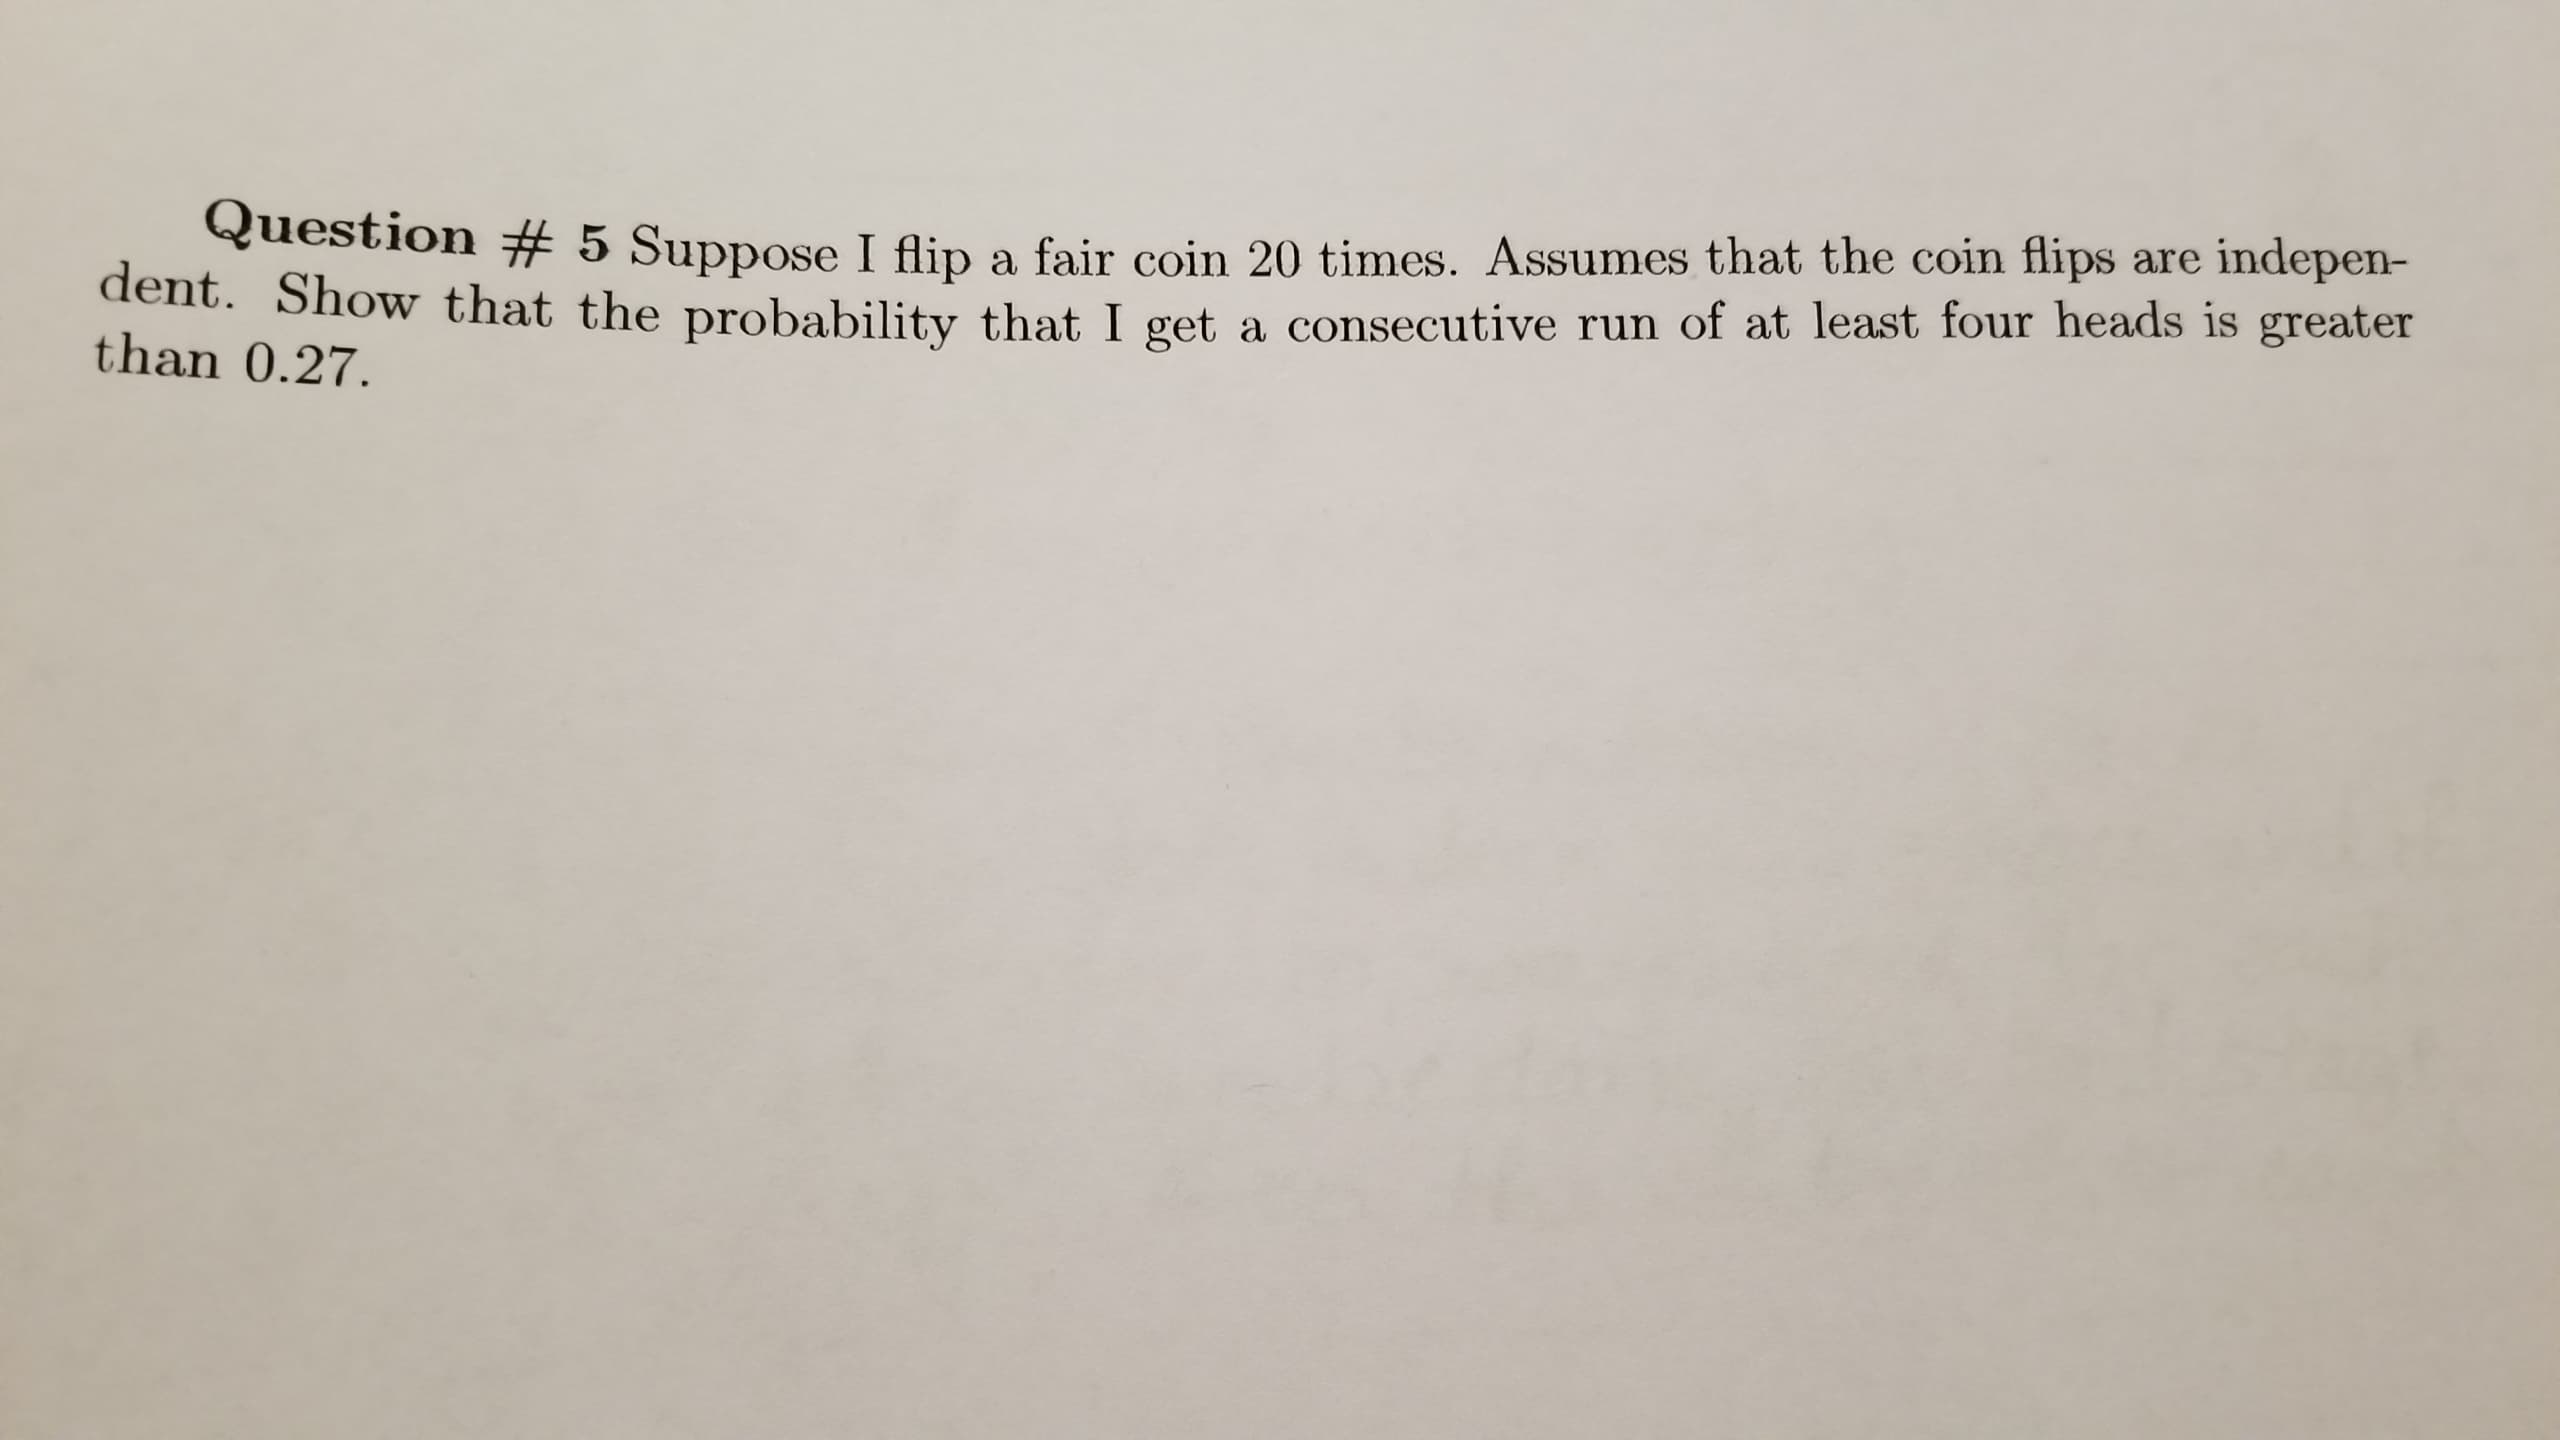 Question # 5 Suppose I flip a fair coin 20 times. Assumes that the coin flips are indepen-
he probability that I get a consecutive run of at least four heads is greater
dent. Show that t
than 0.27.

* _About this exercise_: Find "he probability that" in the material above; set down exactly the line holding it and every line after it, through the last, and no others.

* _Expected answer_:
he probability that I get a consecutive run of at least four heads is greater
dent. Show that t
than 0.27.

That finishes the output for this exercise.